DATASET ENTRIES:
--------------------------------
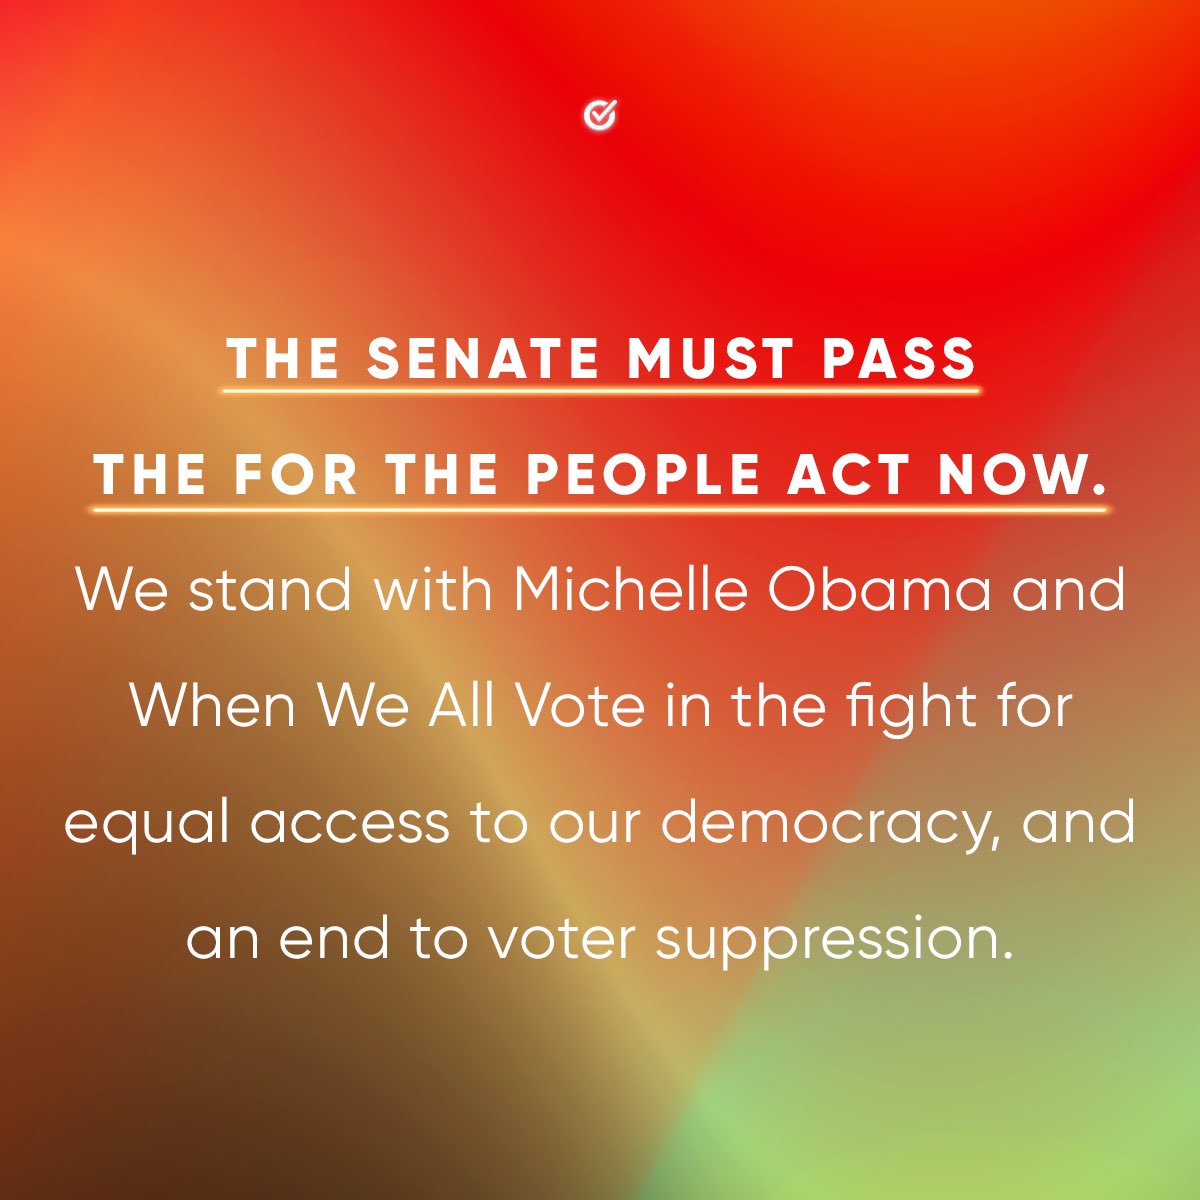 Now is our chance to protect and strengthen our democracy and put power back where it belongs—with the people.

I'm proud to stand with @MichelleObama and @WhenWeAllVote to urge the Senate to pass the #ForThePeopleAct. Read our letter & take action: weall.vote/democracy
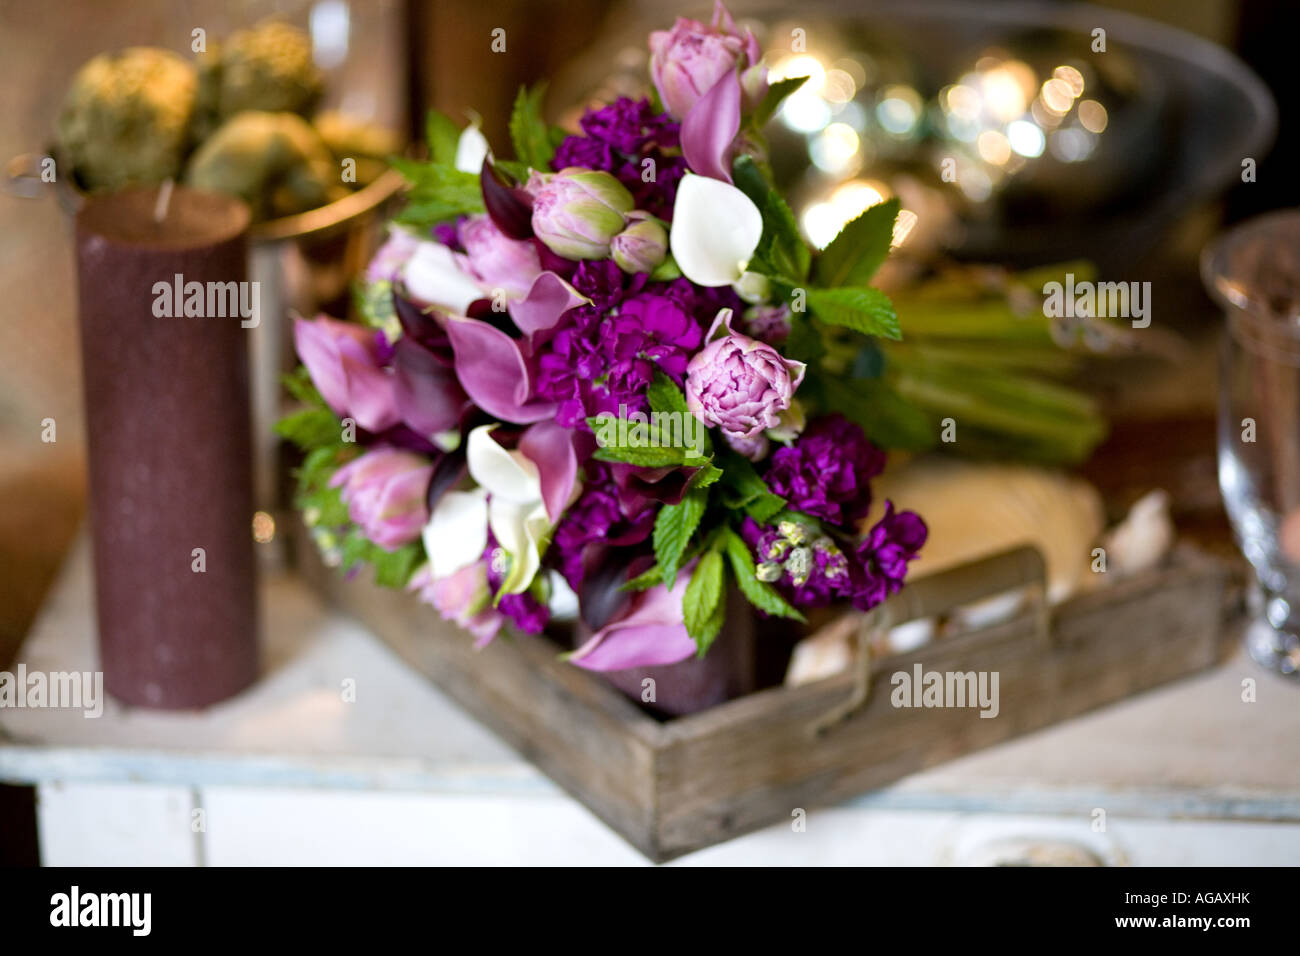 A beautiful purple and white fresh flower hand tied bridal bouquet Stock Photo
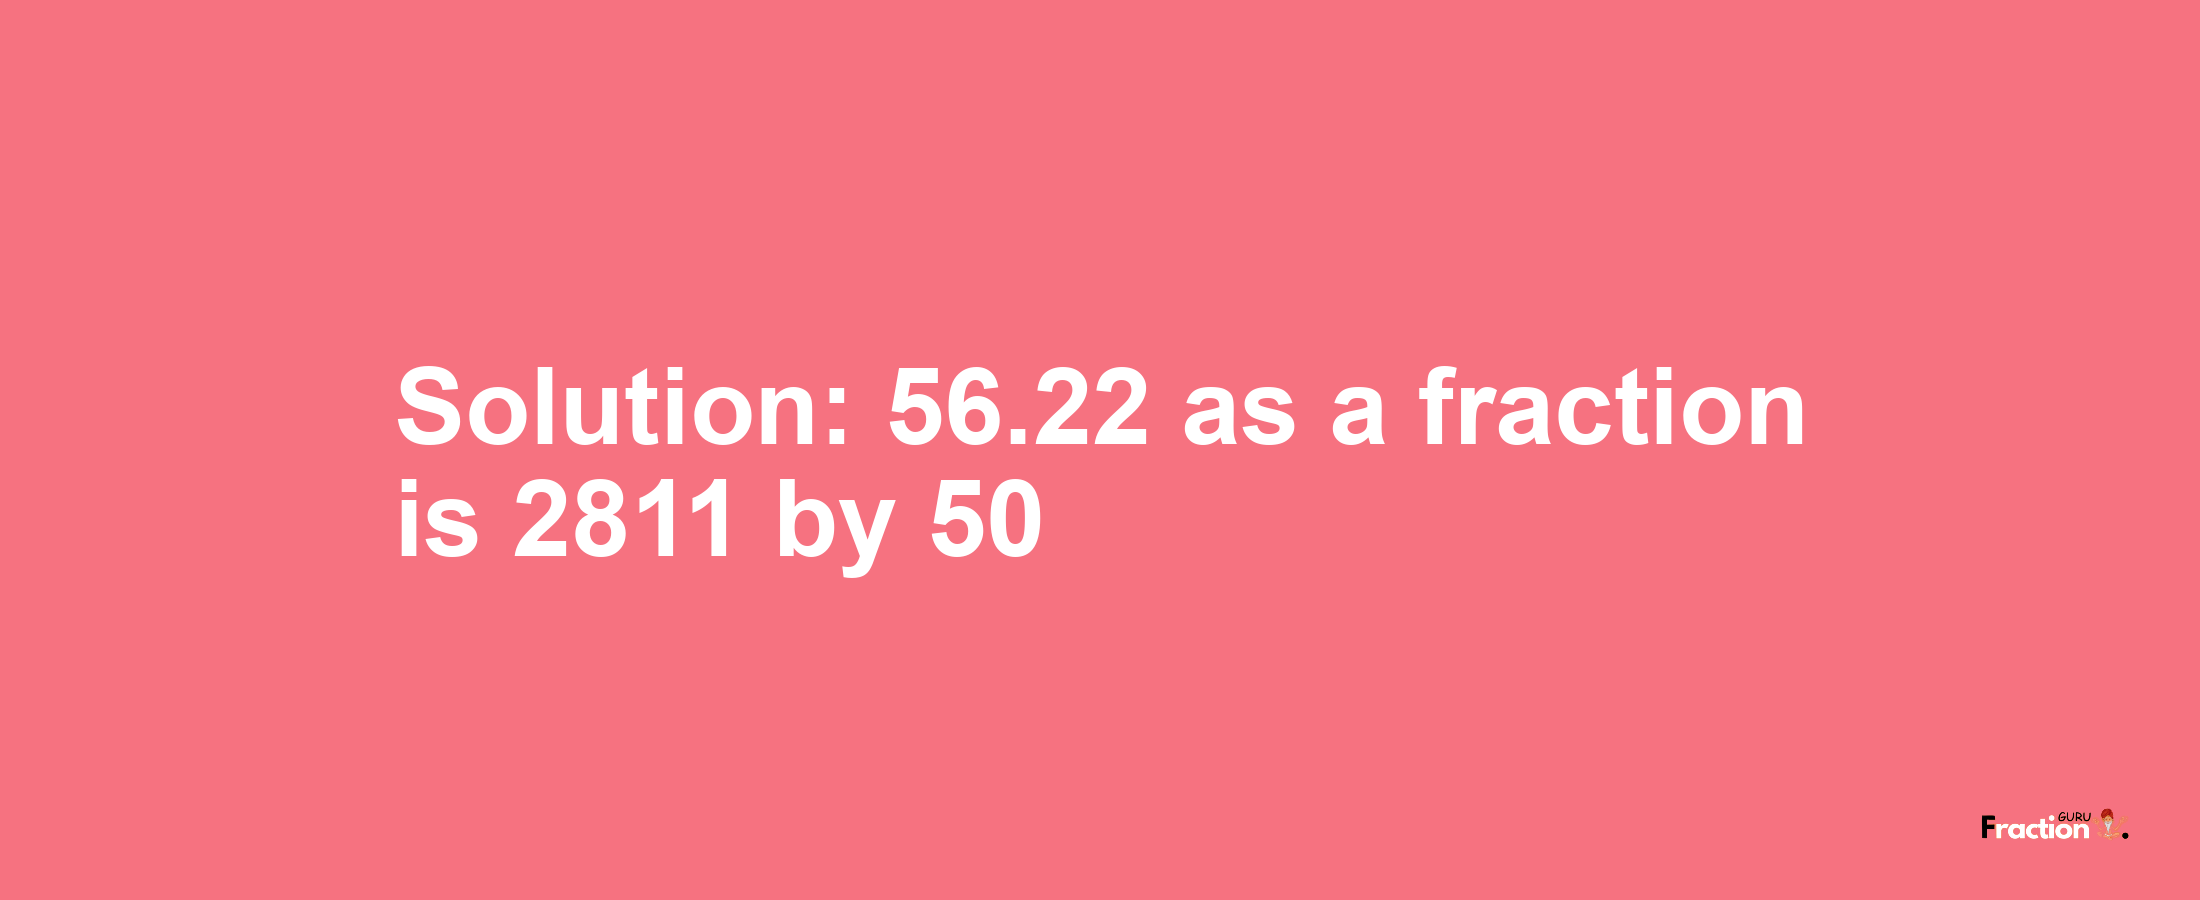 Solution:56.22 as a fraction is 2811/50
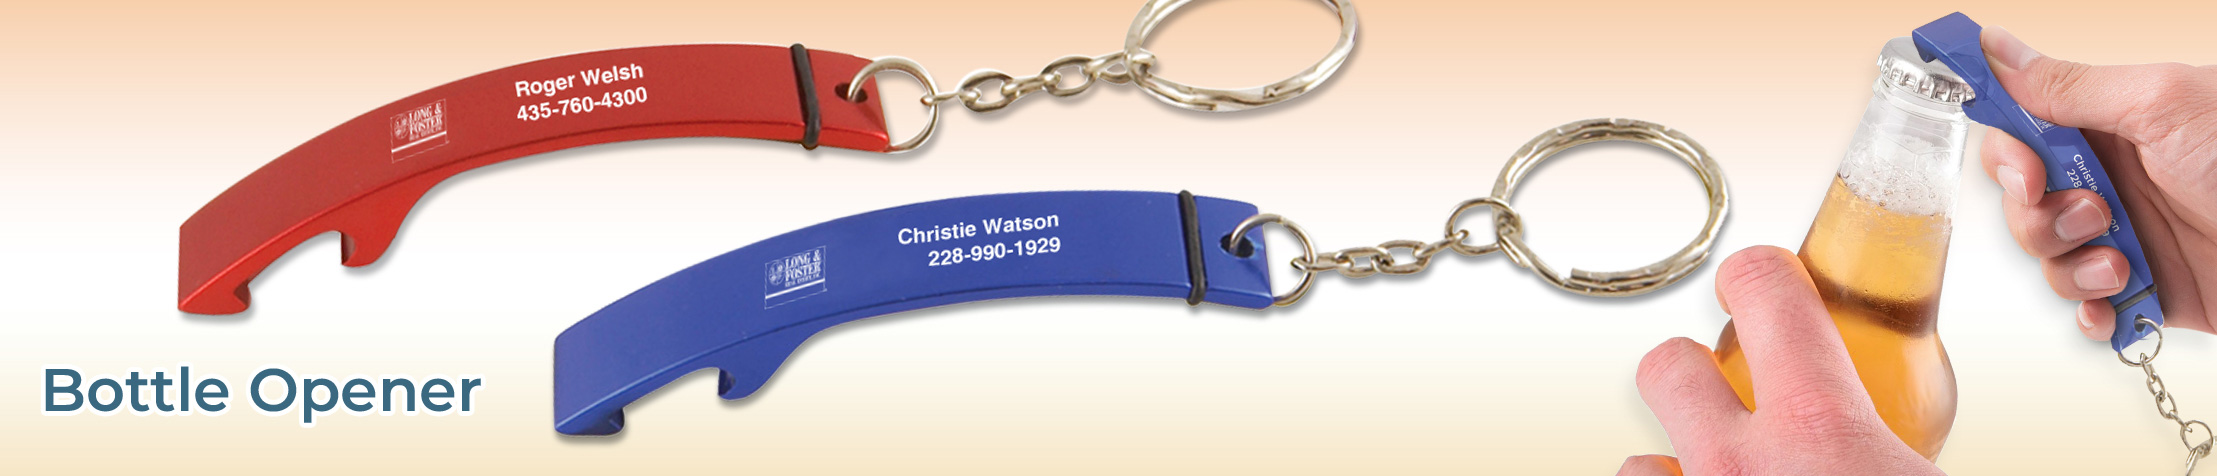 Long and Foster Real Estate Bottle Opener - Long and Foster personalized realtor promotional products | BestPrintBuy.com
--------------------------------
WHAT IS NEEDED:
Would you give the records again exactly, dropping the pictures?

ANSWER FOR THE TASK:
 Now is our chance to protect and strengthen our democracy and put power back where it belongs—with the people.

I'm proud to stand with @MichelleObama and @WhenWeAllVote to urge the Senate to pass the #ForThePeopleAct. Read our letter & take action: weall.vote/democracy
 A beautiful purple and white fresh flower hand tied bridal bouquet Stock Photo
 Solution:56.22 as a fraction is 2811/50
 Long and Foster Real Estate Bottle Opener - Long and Foster personalized realtor promotional products | BestPrintBuy.com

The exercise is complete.